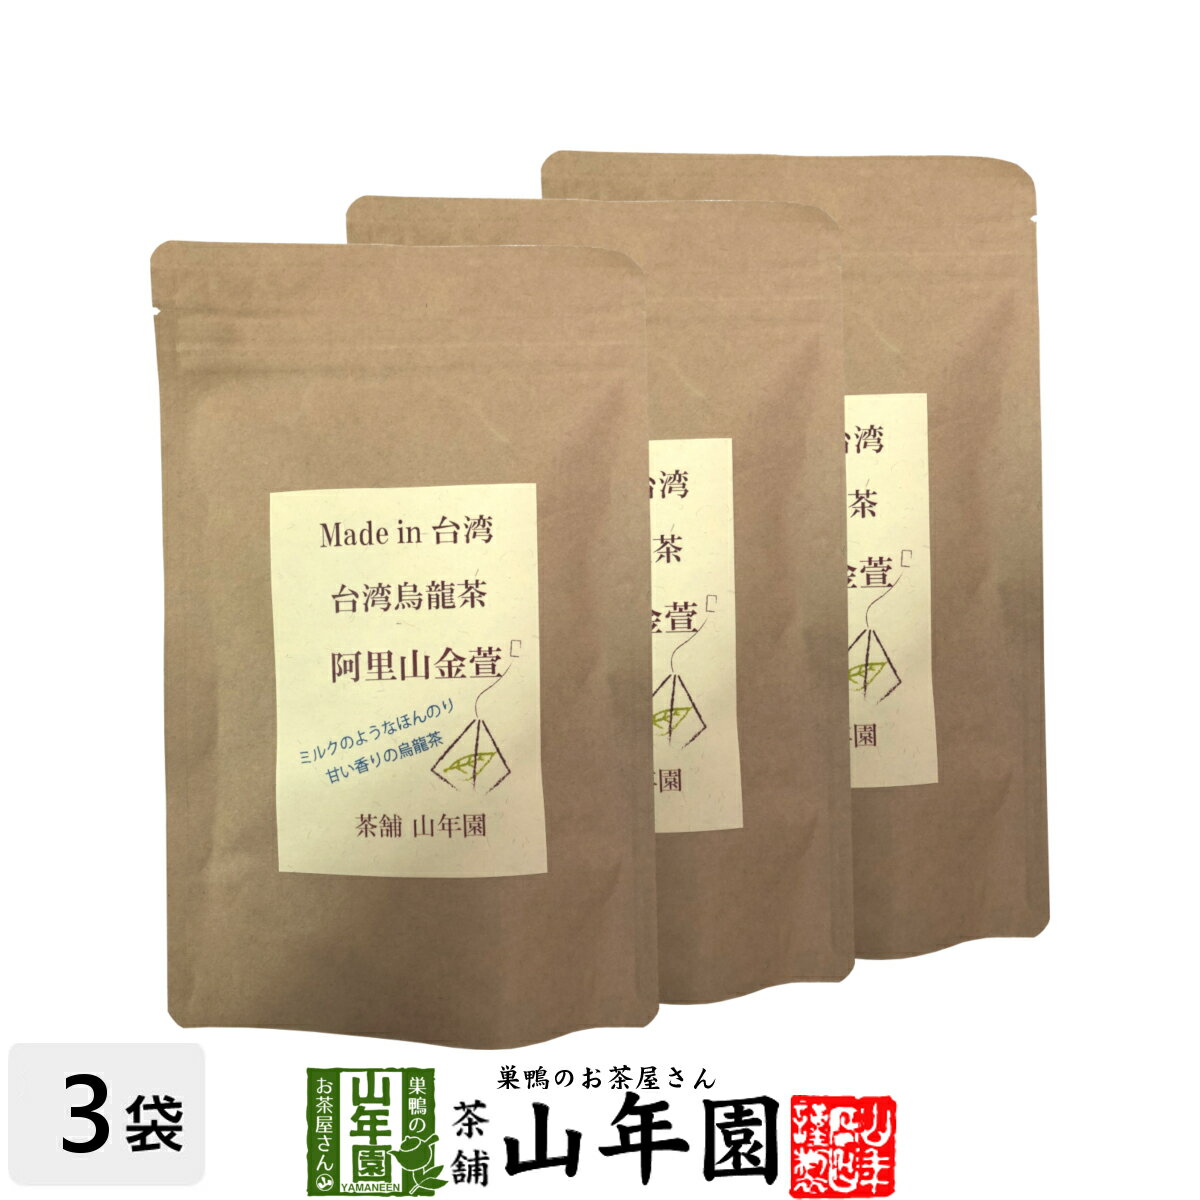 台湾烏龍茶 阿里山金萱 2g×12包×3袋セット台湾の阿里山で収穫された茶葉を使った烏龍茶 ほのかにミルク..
--
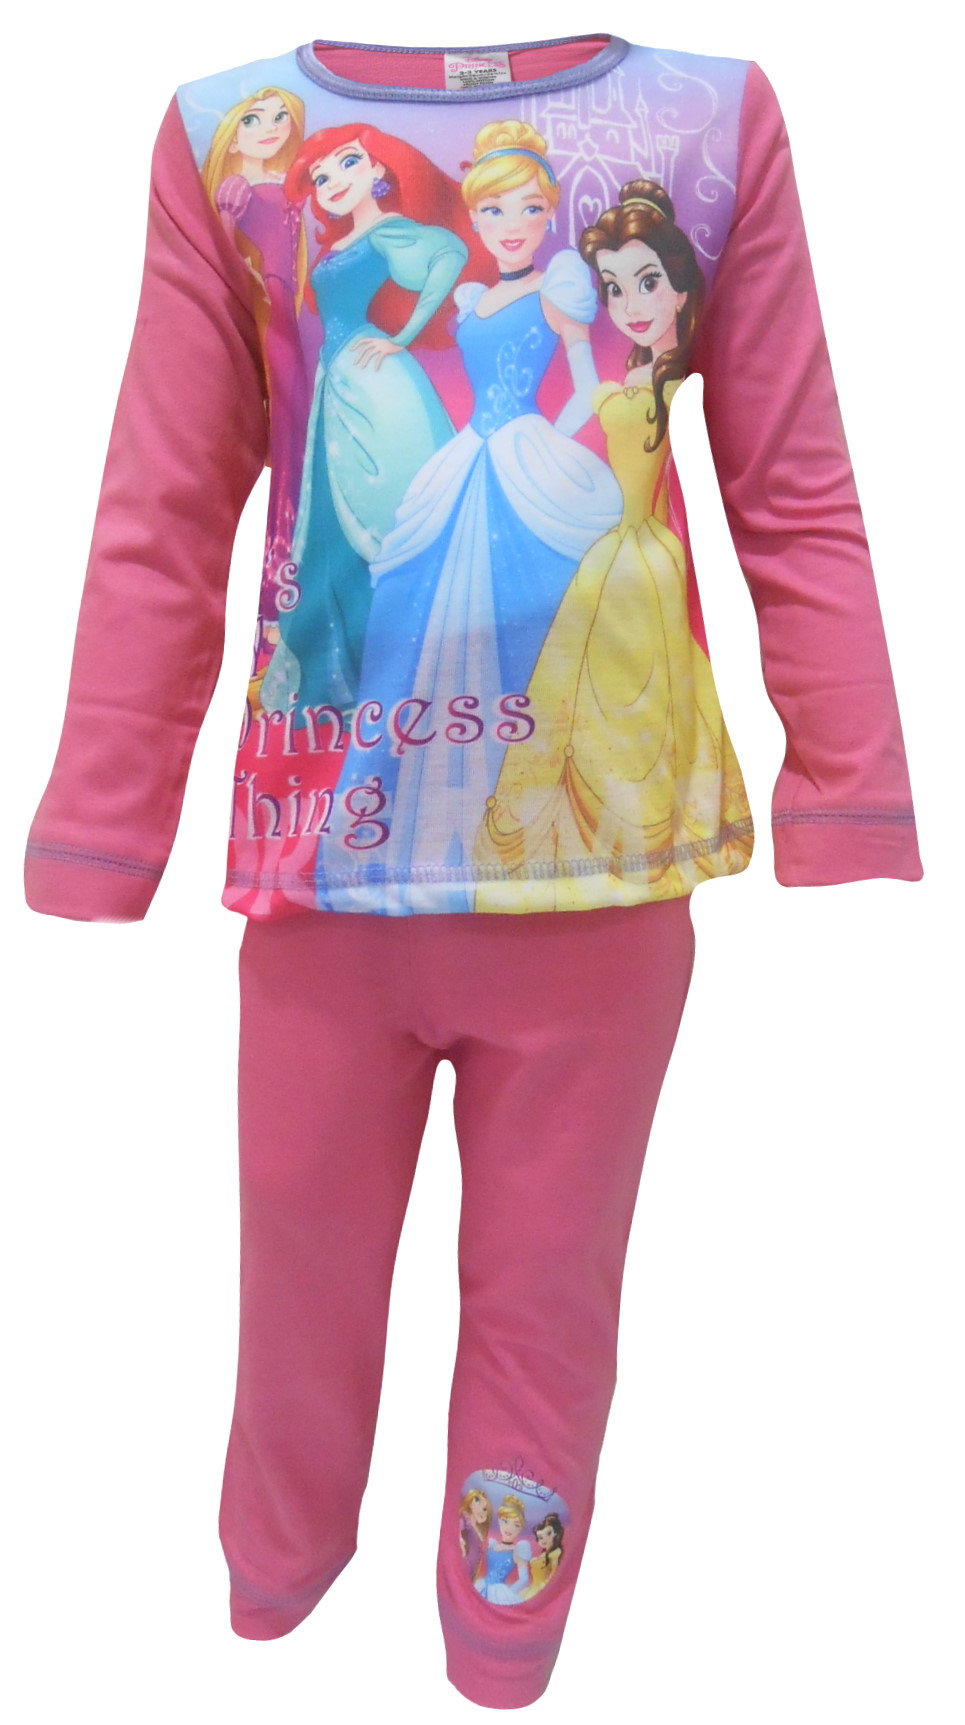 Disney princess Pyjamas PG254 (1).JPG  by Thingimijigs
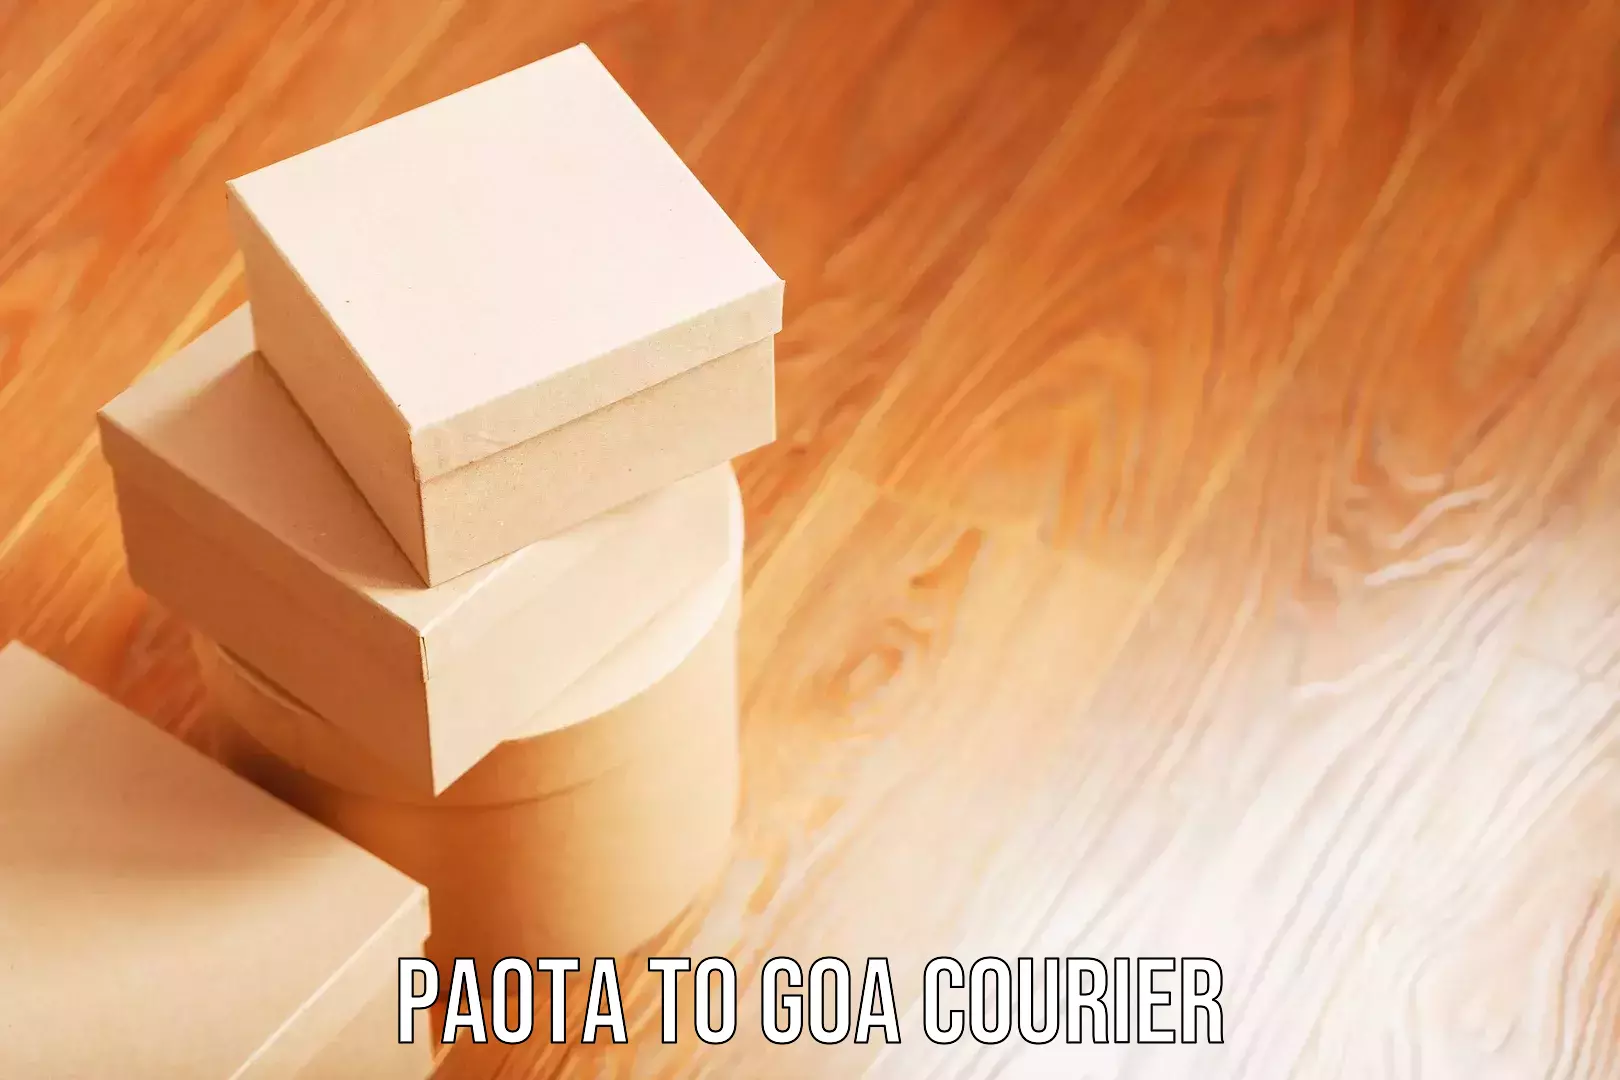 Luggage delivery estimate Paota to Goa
---
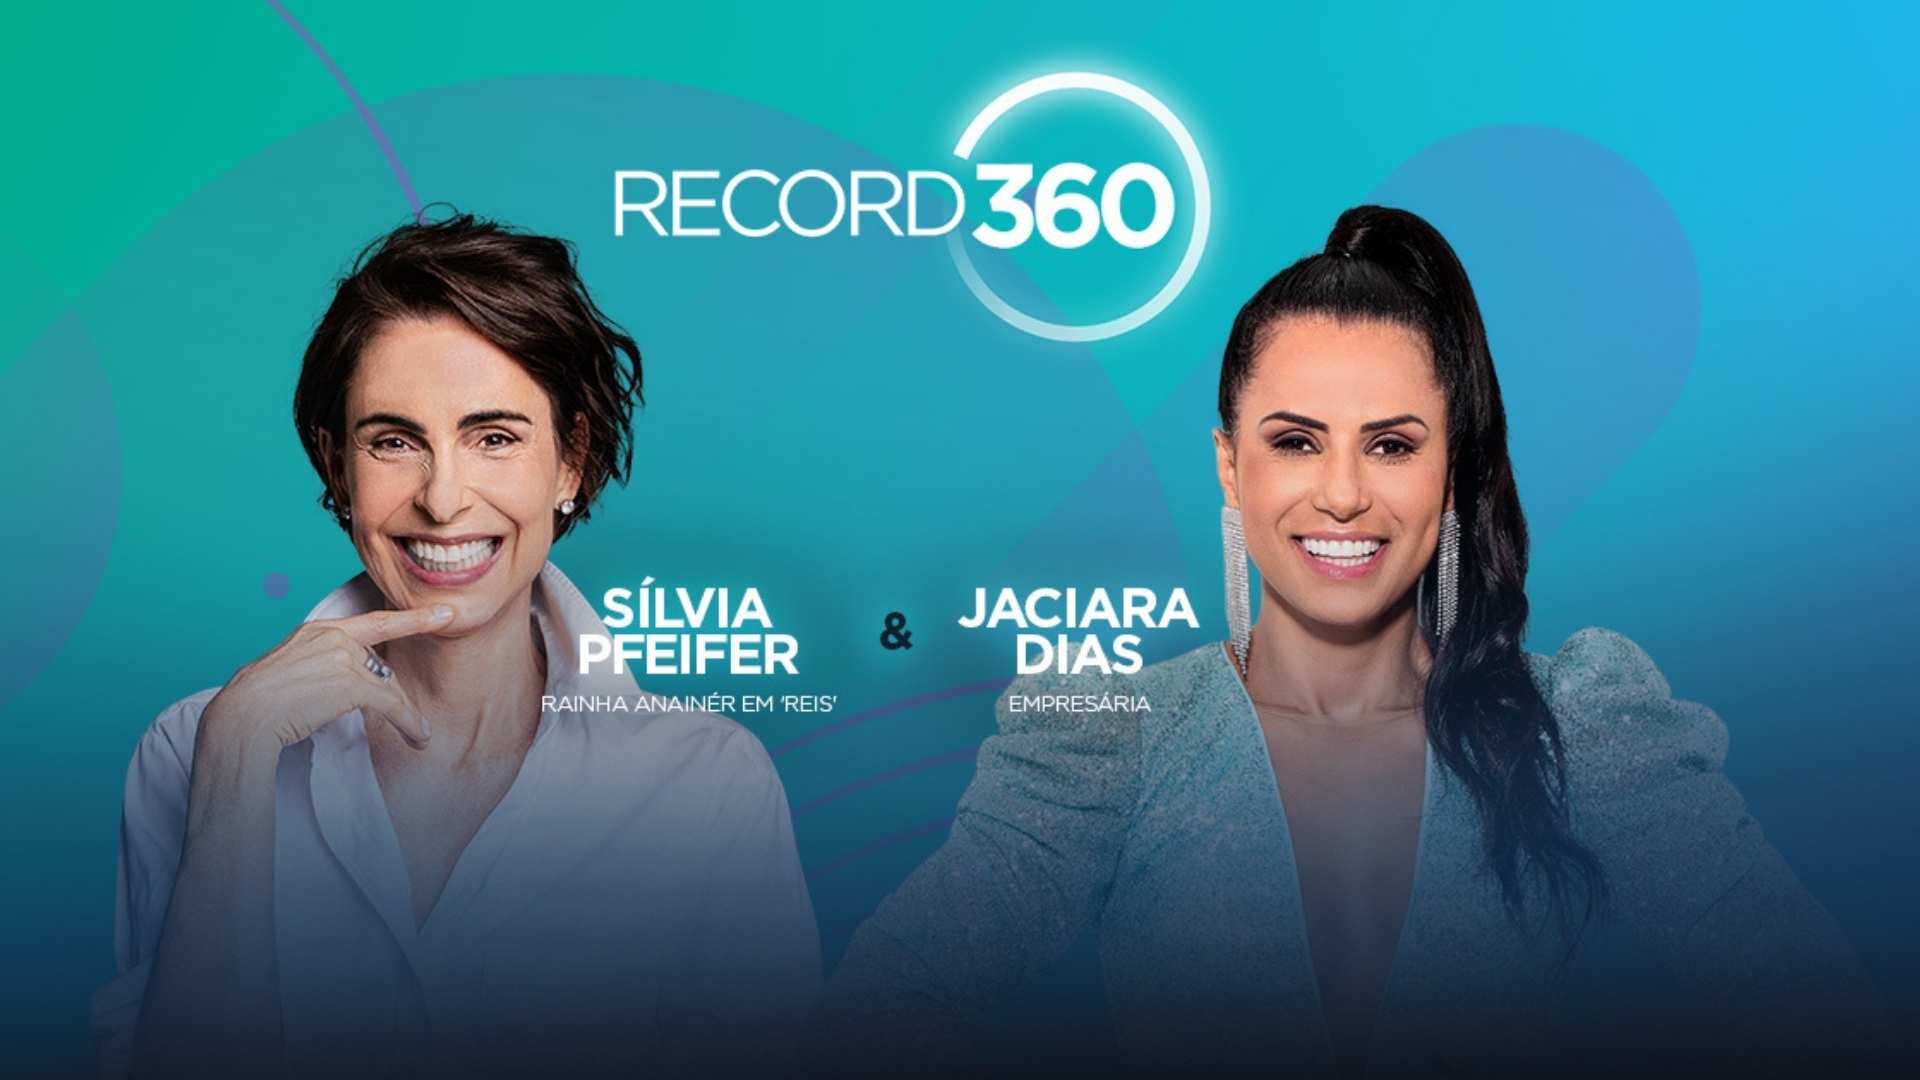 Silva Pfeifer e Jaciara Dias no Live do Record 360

**WORK INSTRUCTION**:
Given the listing above, retype only the span of lines from the line with "Disney princess Pyjamas" up to and including the line with "Luggage delivery estimate Paota to Goa", exactly as it stands and without pictures.

**ANSWER FOR THIS EXERCISE**:
 Disney princess Pyjamas PG254 (1).JPG  by Thingimijigs
 Luggage delivery estimate Paota to Goa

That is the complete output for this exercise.